Overview
As an AI/ML Engineer Lead at Metafiser, under the guidance of Dr. Vaseem Durani, I developed AI-powered solutions and gained hands-on experience in machine learning, recommendation systems, and client-oriented AI services.
I collaborated with the team to build a Spotify Music Recommendation System using Python, Google Colab, and the Spotify Web API.
My work involved data preprocessing, feature engineering, model training, and implementing Content-Based and Collaborative Filtering techniques, with the vision of combining both into a Hybrid Recommendation System.
This experience strengthened my technical expertise while providing valuable exposure to real-world AI development, research, teamwork, and delivering AI solutions aligned with business needs.
Impact
1. AI Solution Development & Client Requirements
Problem
Clients required AI-driven solutions tailored to their business needs with clear technical feasibility.
Solution
Analyzed client requirements, explored AI use cases, and designed machine learning solutions aligned with business objectives.
Impact
- Improved understanding of real-world AI applications.
- Delivered solutions aligned with client expectations.
- Enhanced ability to translate business problems into AI solutions.
2. Spotify Music Recommendation System
Problem
Users struggled to discover personalized music matching their listening preferences.
Developing Content-Based and Collaborative Filtering required integrating recommendation techniques with Spotify API data.
Solution
Developed a hybrid Spotify Music Recommendation System using the Spotify API, machine learning algorithms, and recommendation techniques.
Impact
- Improved recommendation accuracy through personalized suggestions.
- Successfully integrated real-time music metadata using Spotify APIs.

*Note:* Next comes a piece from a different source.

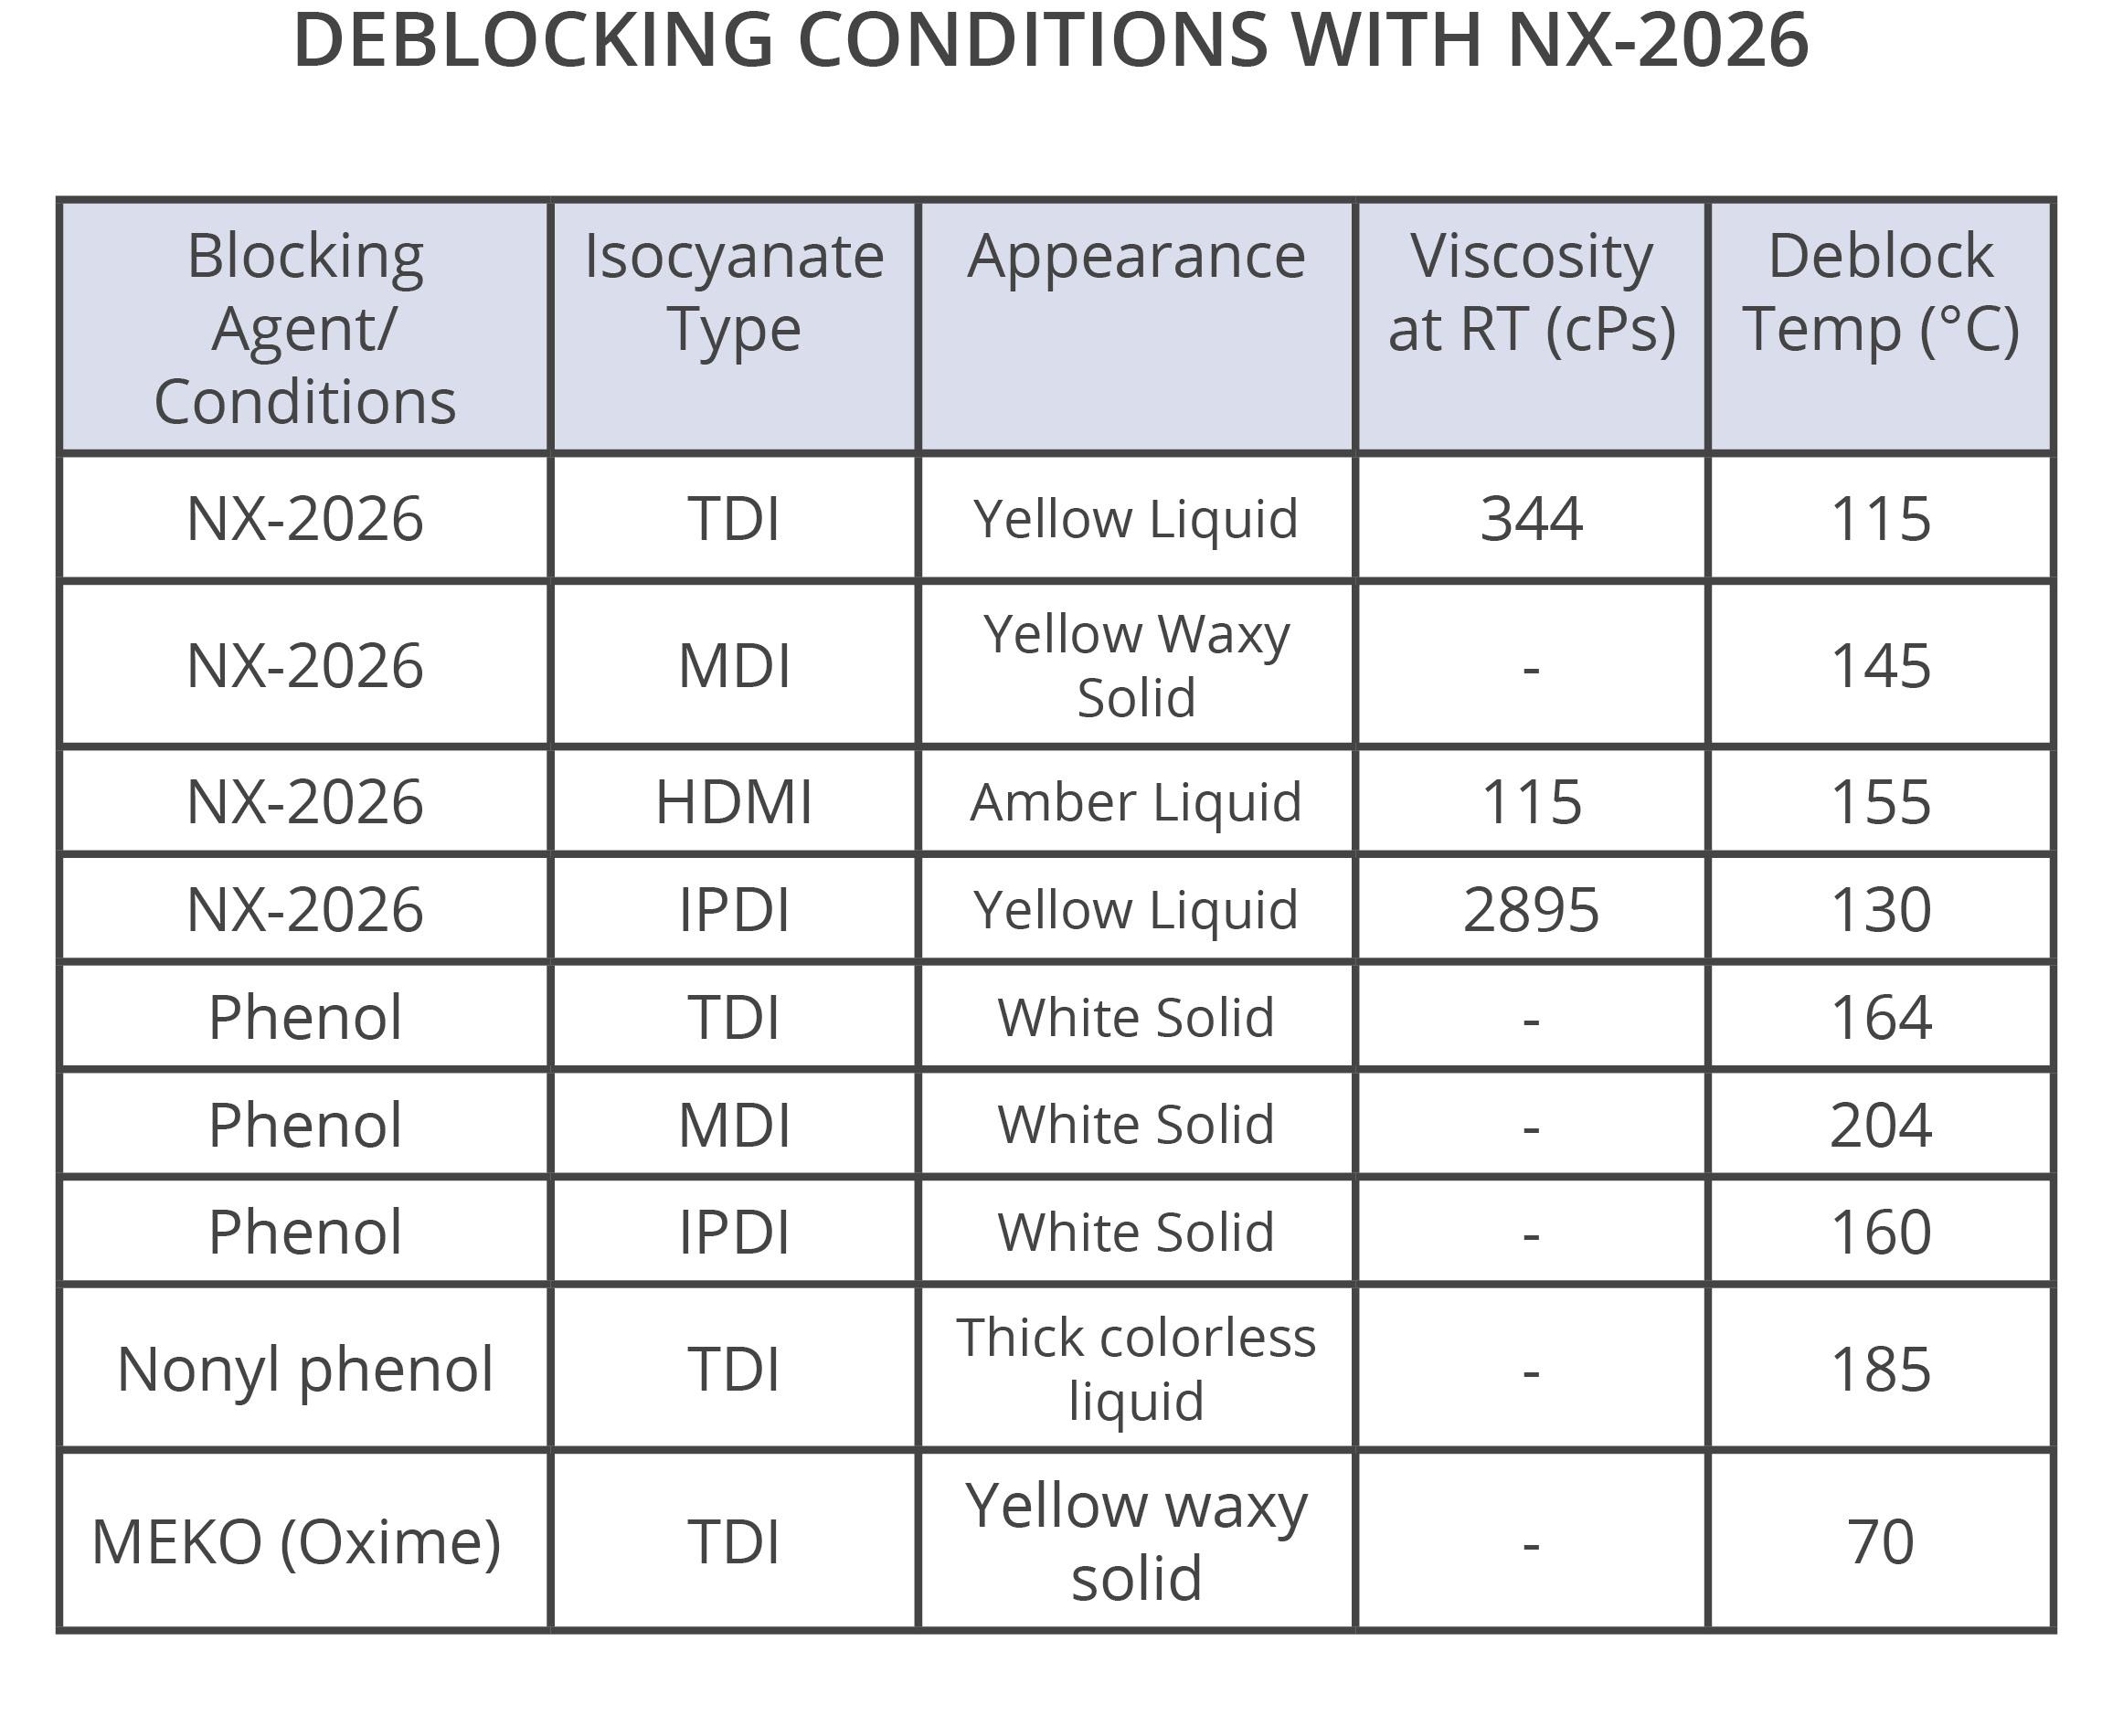 NX-2026 Deblock conditions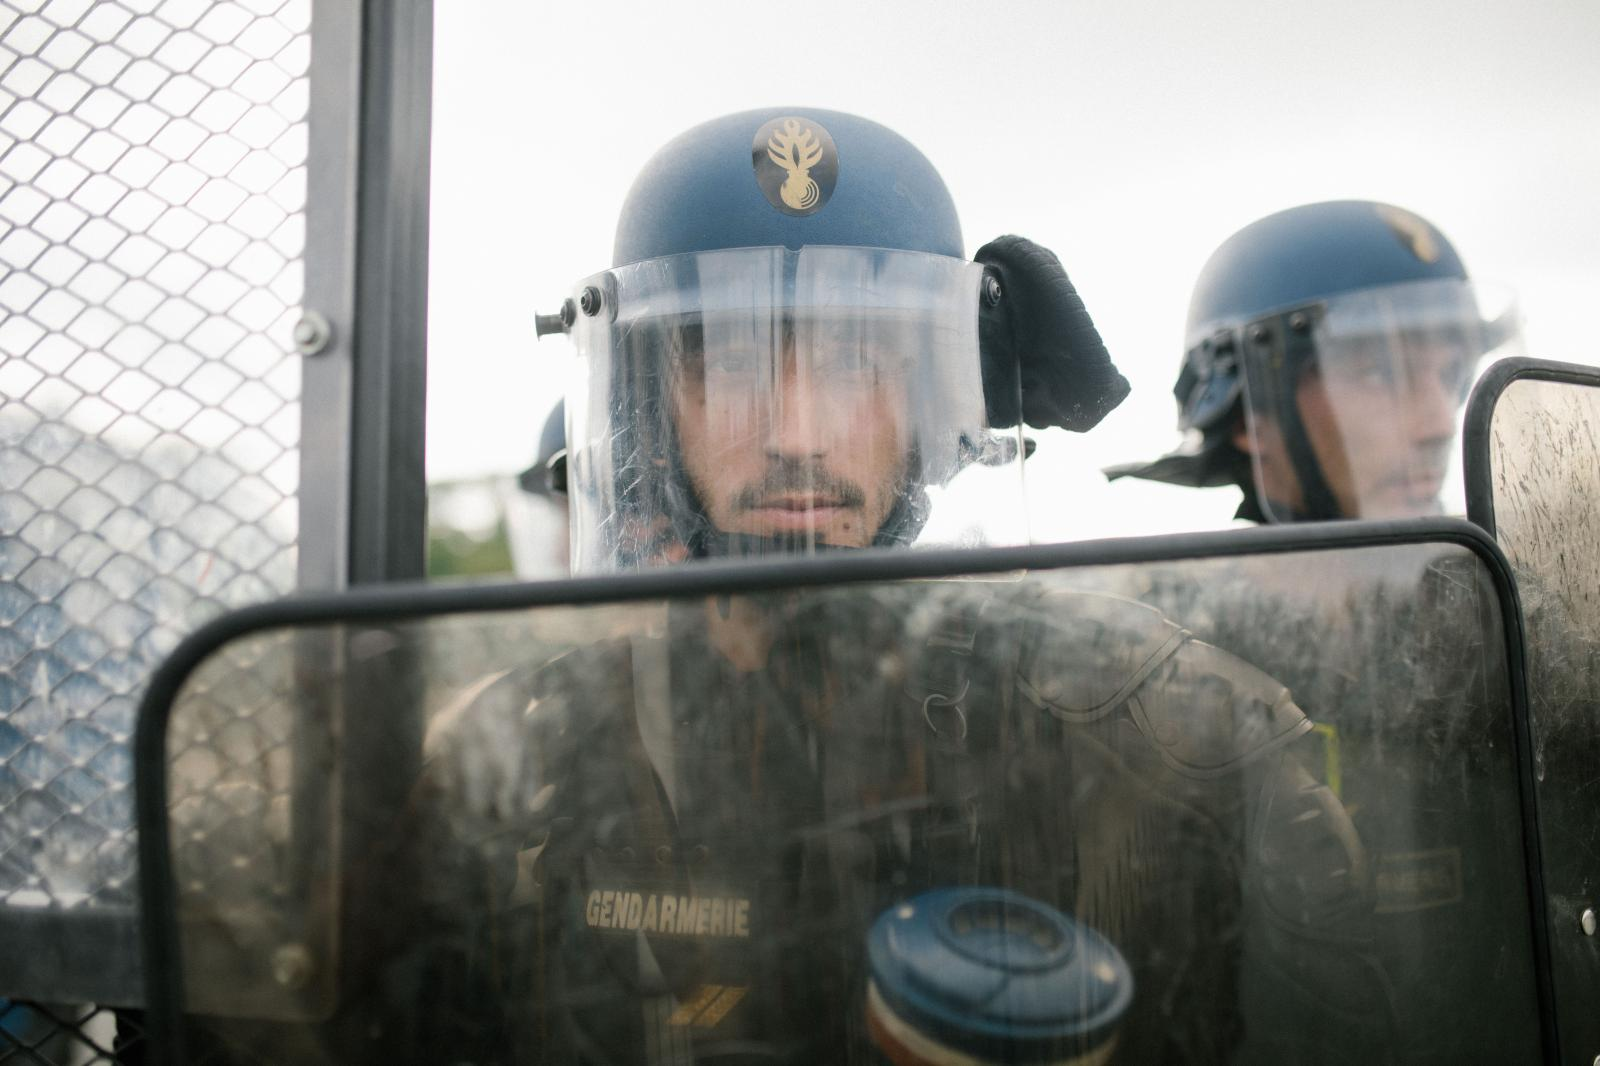 2019-08-24 - Gendarmerie during spontaneous demonstration in Bayonne, block bridge.

- Strengthened expertise in recommendation systems and API integration.
Personal Learning
Working on the Spotify Music Recommendation System gave me practical experience in recommendation engines, API integration, and machine learning workflows.
I learned how Content-Based and Collaborative Filtering complement each other and explored combining them into a Hybrid Recommendation System to deliver highly personalized recommendations based on a user's listening history, preferences, and music taste.
3. Machine Learning Model Development
Problem
Building accurate recommendation models required effective data processing and feature engineering.
Solution
Performed data preprocessing, feature extraction, model training, and evaluation using machine learning techniques and finally deployed the solution on Streamlit.
Impact
- Improved model performance with optimized preprocessing.
- Developed practical experience in the end-to-end ML pipeline.
- Built scalable and reusable machine learning workflows.
4. AI Service Delivery & Technical Consulting
Problem
Many organizations lacked awareness of how AI could solve operational challenges.
Solution
Provided AI-driven solutions, conducted workshops, and offered technical guidance to help organizations leverage AI for their specific needs.
Participated in discussions on AI service offerings, solution demonstrations, and communicating technical concepts to potential clients.
Impact
- Enhanced organizational understanding of AI applications and benefits.
- Improved technical communication and presentation skills.
- Facilitated the adoption of AI technologies across various business units.
- Learned how AI products are positioned for businesses.
- Bridged the gap between technical development and client requirements.
5. Team Collaboration & Research
Problem
AI projects required continuous experimentation, collaboration, and rapid iteration.
Solution
Worked closely with mentors and teammates under the guidance of Dr. Vaseem Durani, conducting research, testing models, and improving recommendation accuracy.
Impact
- Enhanced teamwork in AI product development.
- Strengthened research and analytical thinking.
- Gained hands-on experience in industry-standard AI development practices.